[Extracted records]
>>>
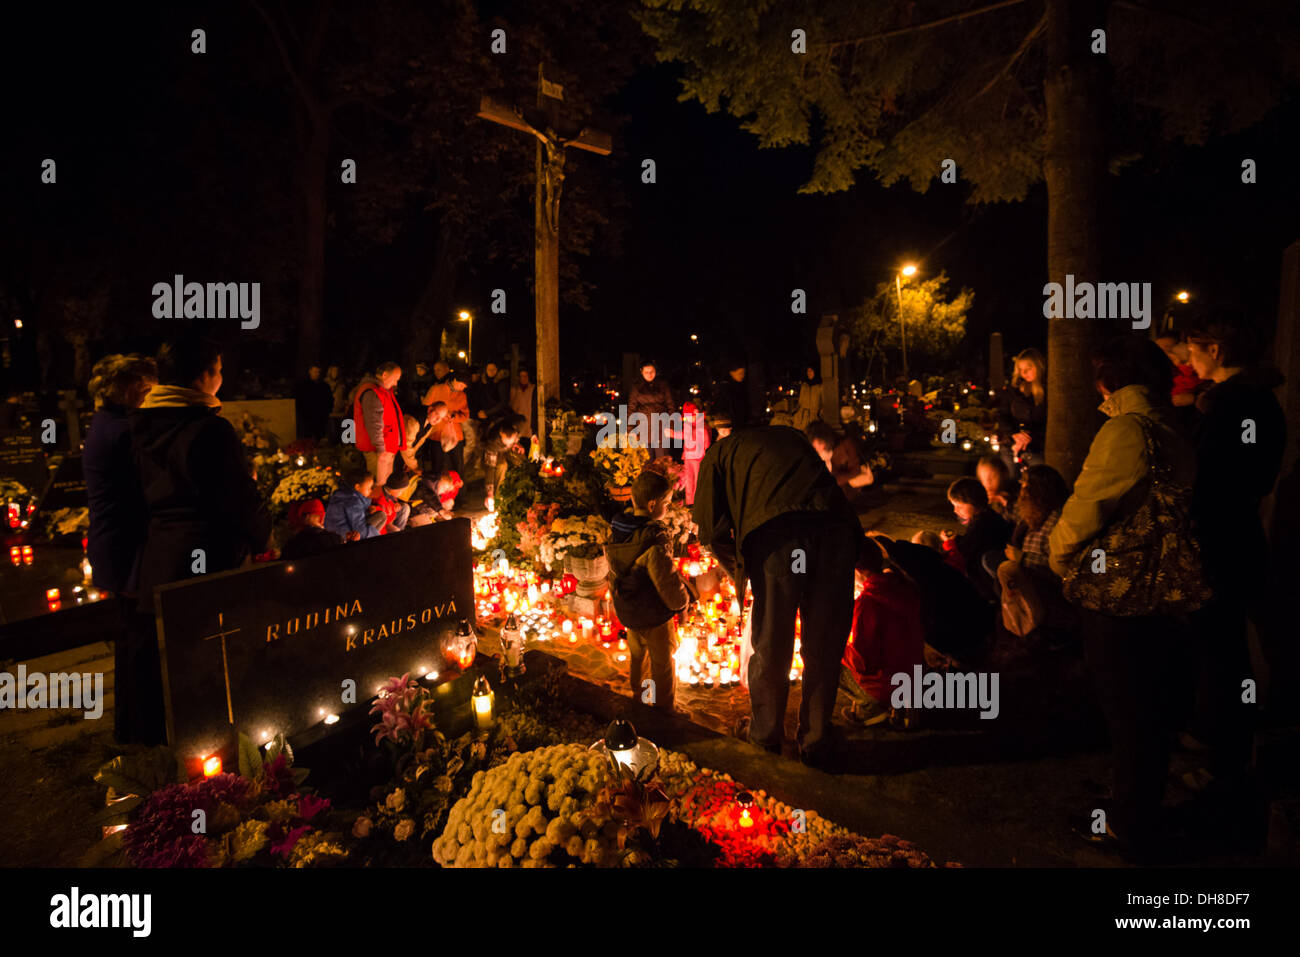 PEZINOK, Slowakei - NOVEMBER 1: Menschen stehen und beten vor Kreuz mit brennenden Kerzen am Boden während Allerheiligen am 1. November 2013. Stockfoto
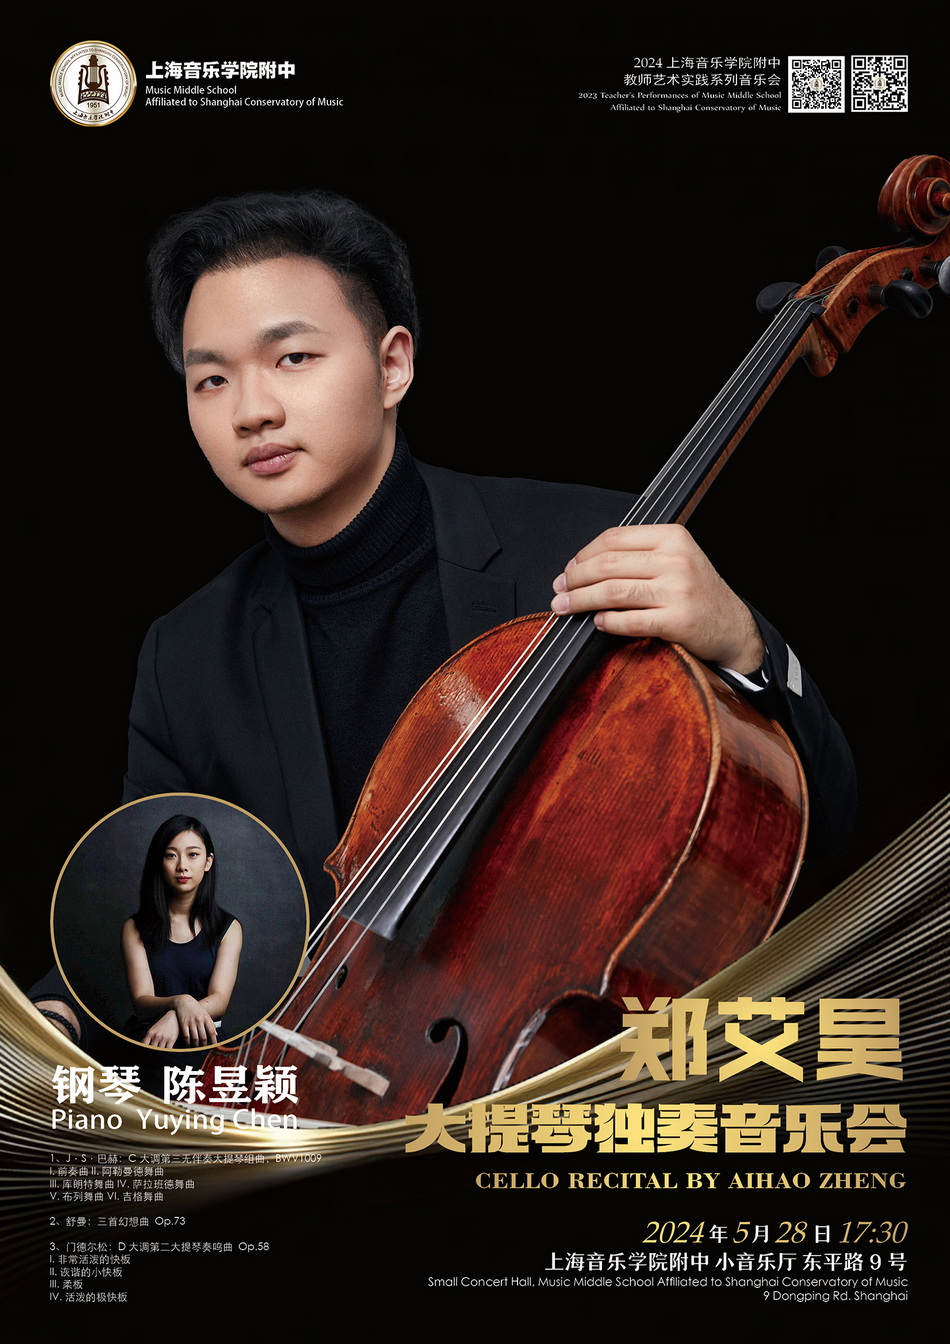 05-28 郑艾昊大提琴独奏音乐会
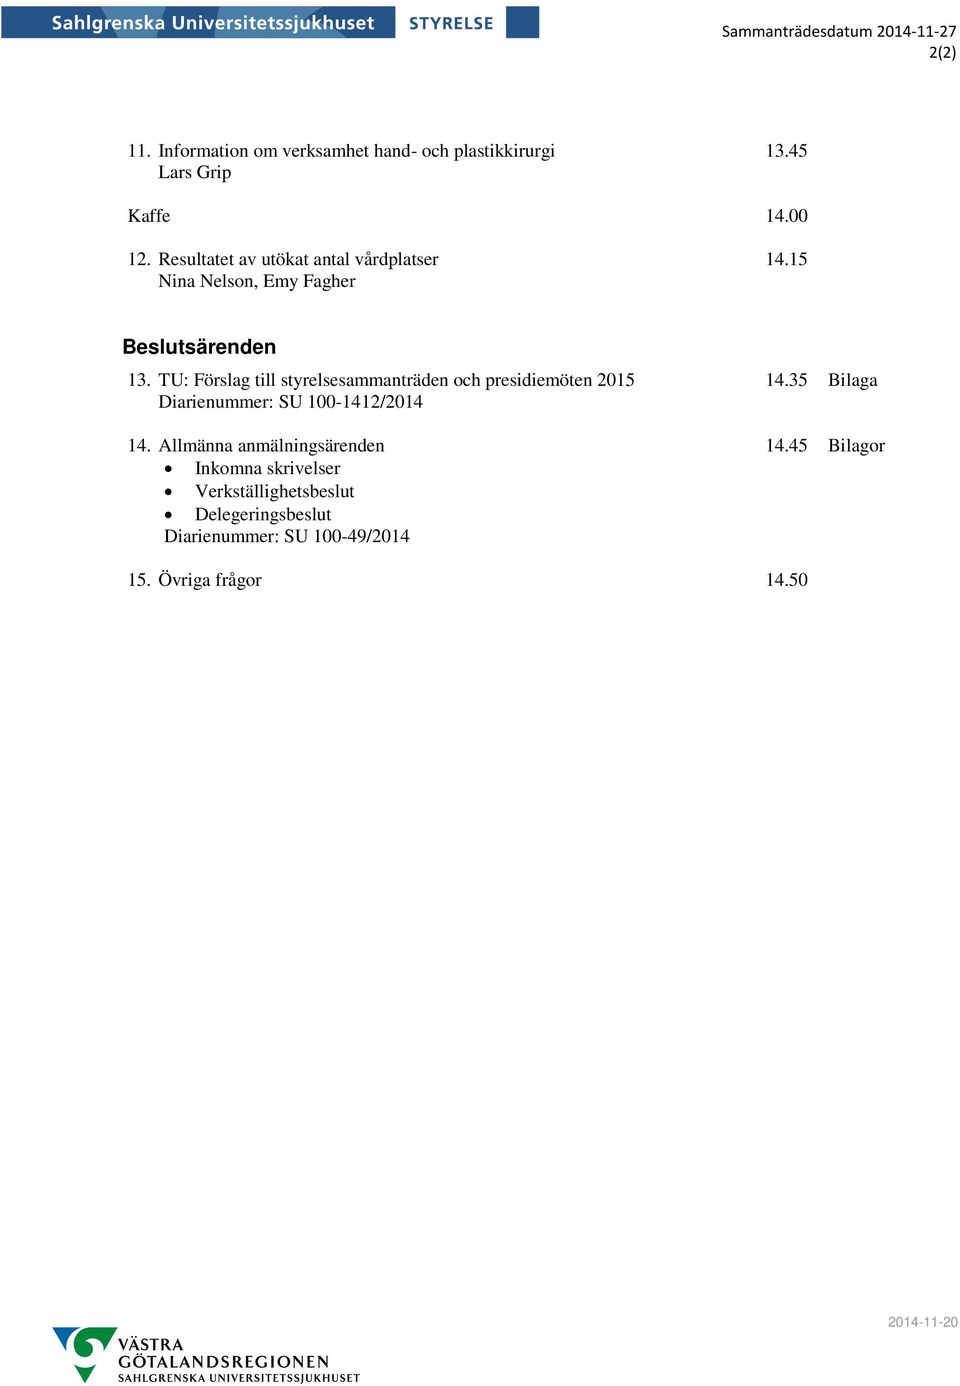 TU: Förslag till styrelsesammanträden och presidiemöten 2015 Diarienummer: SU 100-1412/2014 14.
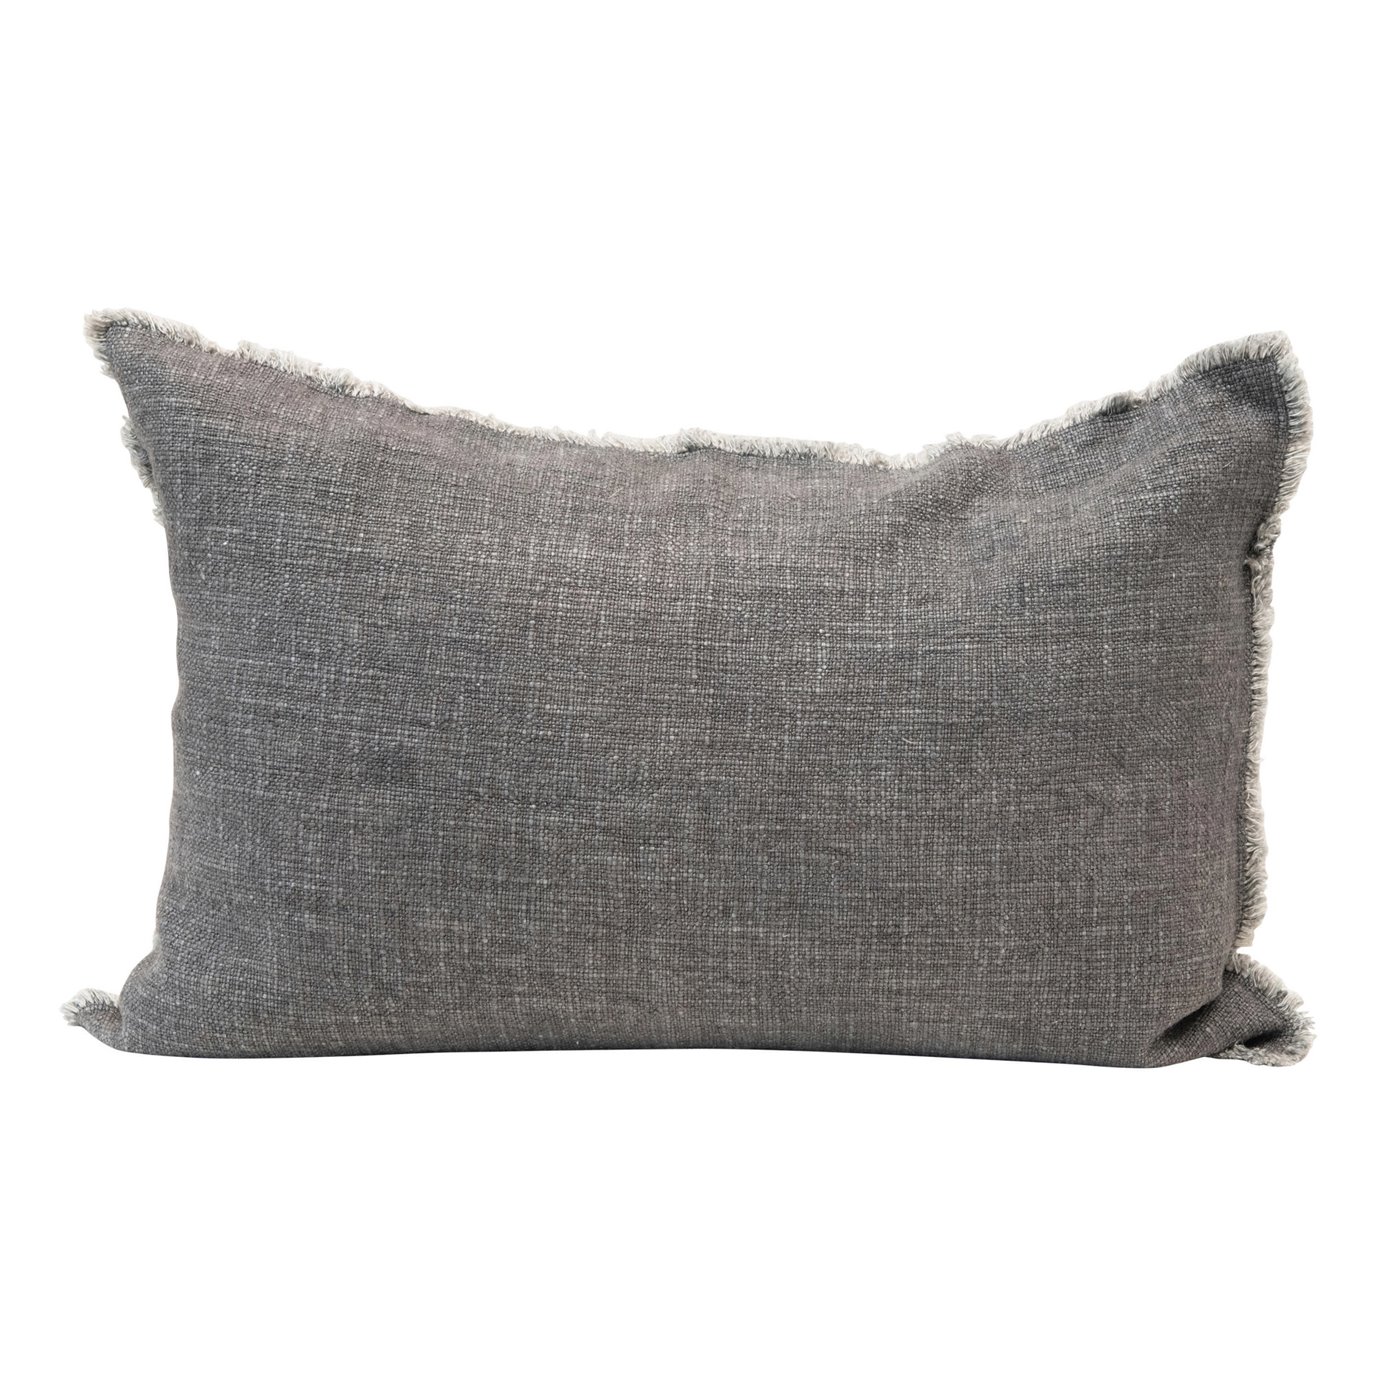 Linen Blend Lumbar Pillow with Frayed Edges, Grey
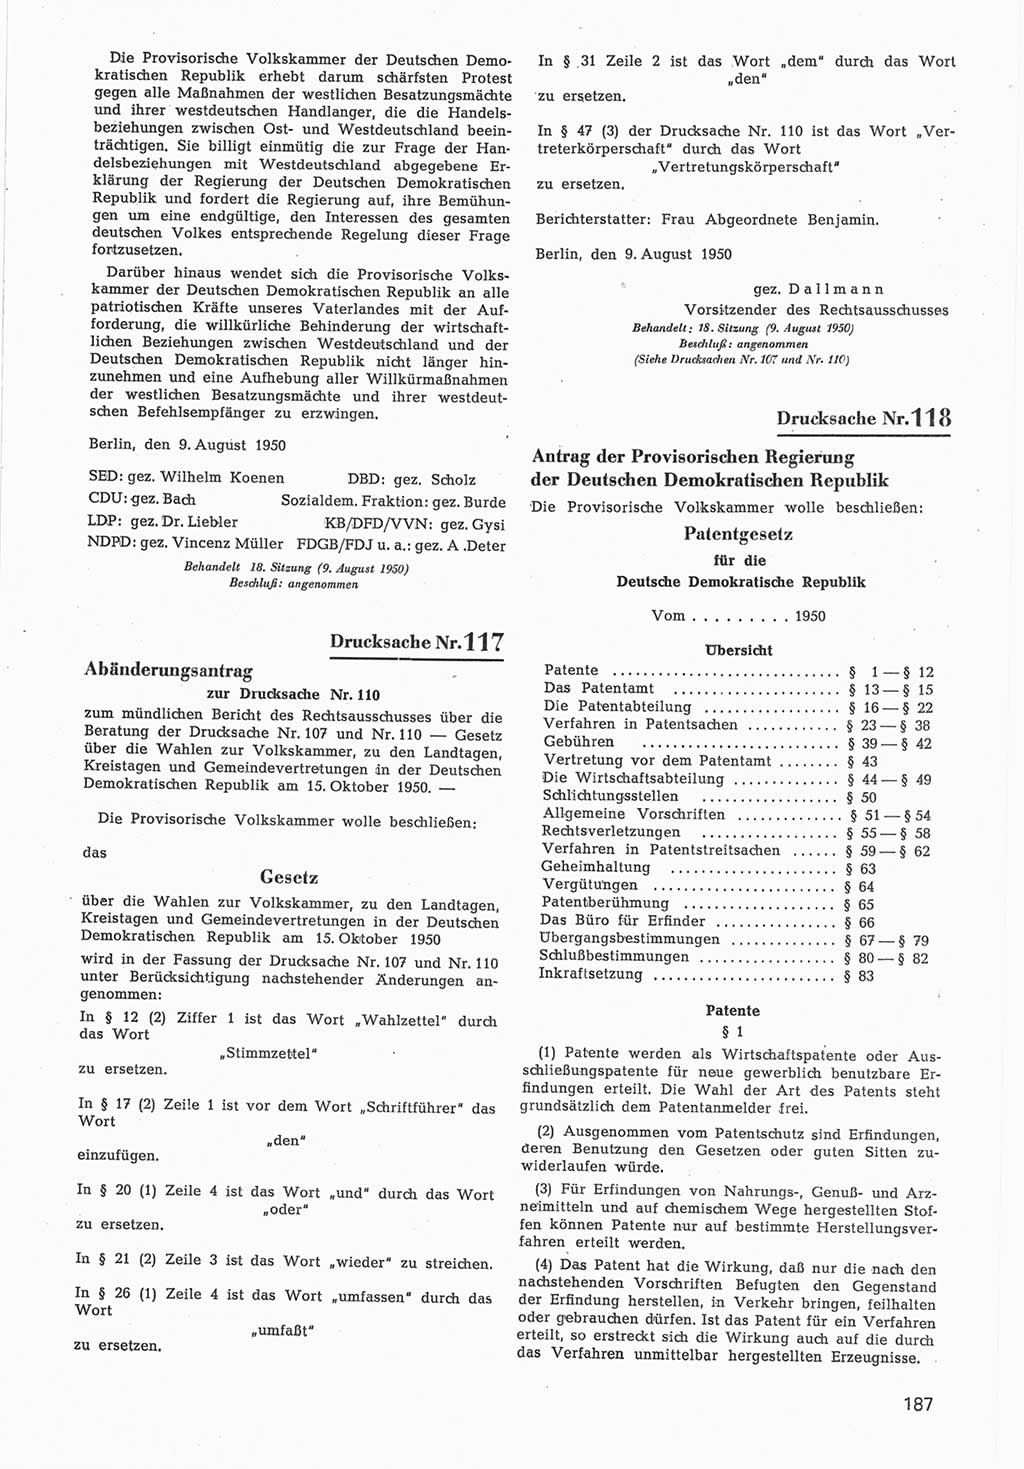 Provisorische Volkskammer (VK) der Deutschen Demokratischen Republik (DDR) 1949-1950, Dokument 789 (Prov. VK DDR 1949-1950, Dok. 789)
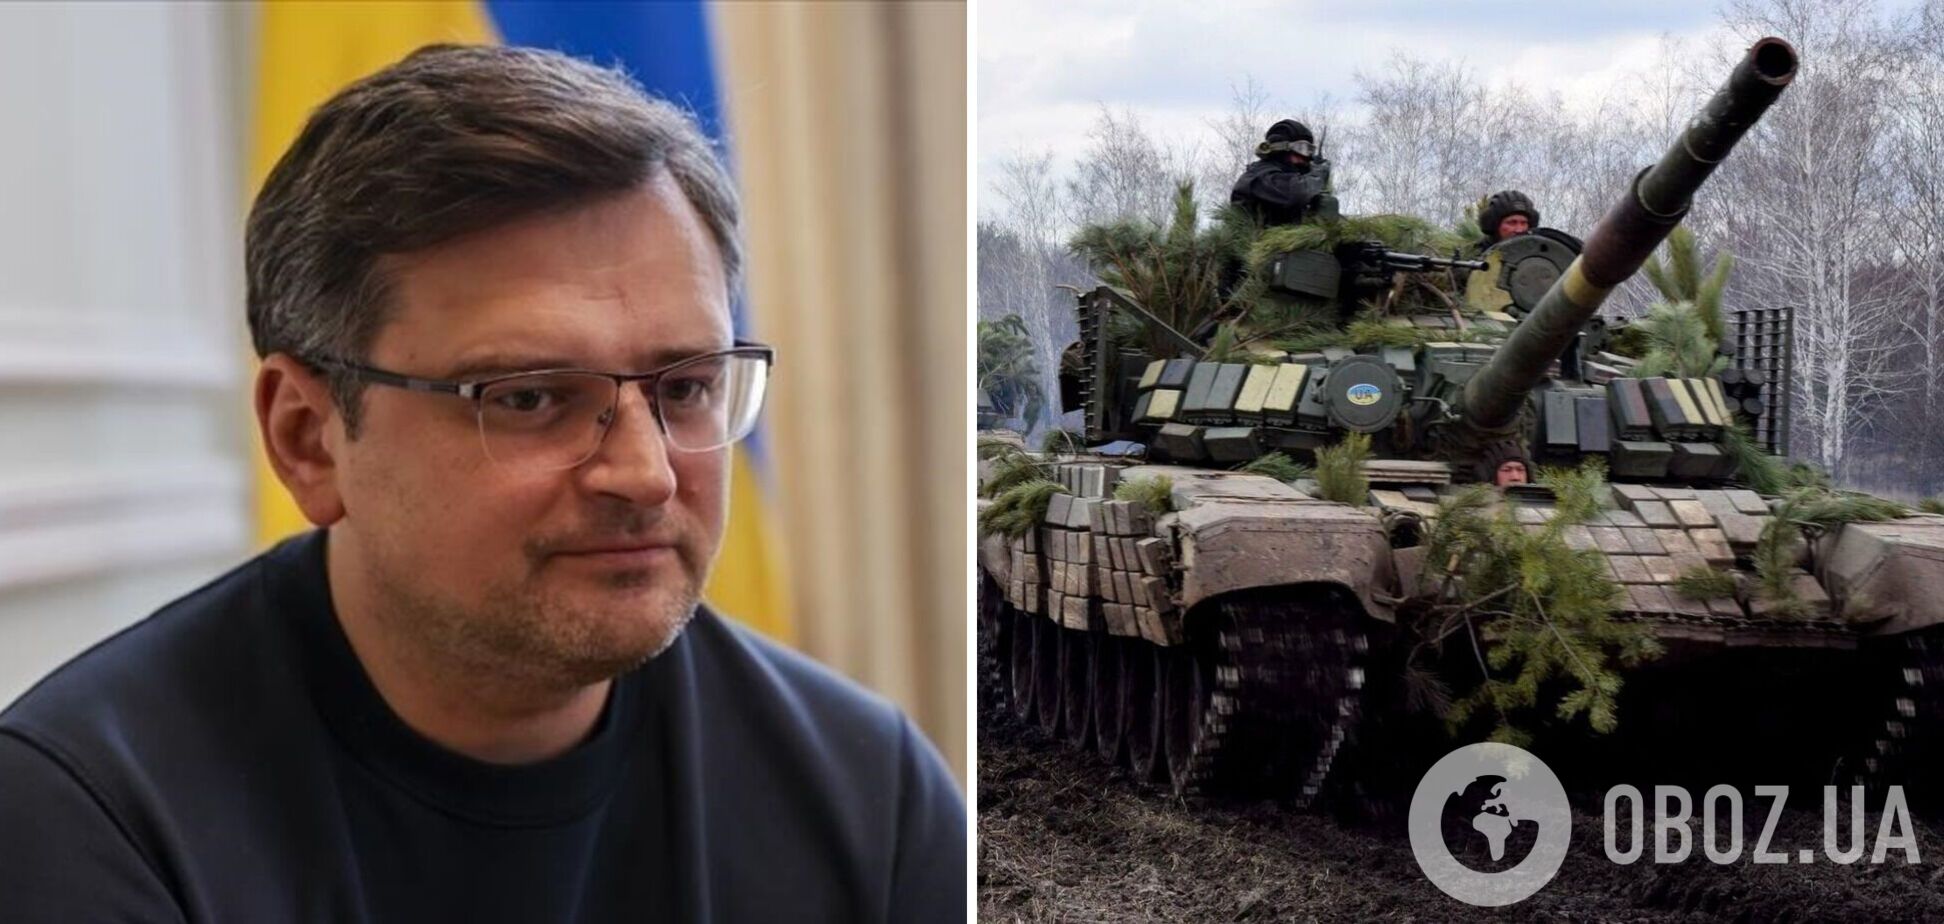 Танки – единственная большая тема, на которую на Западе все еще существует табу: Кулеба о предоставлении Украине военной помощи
<<<
**ABOUT THIS EXERCISE:** Every line from the one with "Linen Blend Lumbar" through the end of the records is to be reproduced exactly, and the pictures are to be left out.

**SOLUTION FOR THIS PROBLEM:**
 Linen Blend Lumbar Pillow with Frayed Edges, Grey
 Provisorische Volkskammer (VK) der Deutschen Demokratischen Republik (DDR) 1949-1950, Dokument 789 (Prov. VK DDR 1949-1950, Dok. 789)
 Танки – единственная большая тема, на которую на Западе все еще существует табу: Кулеба о предоставлении Украине военной помощи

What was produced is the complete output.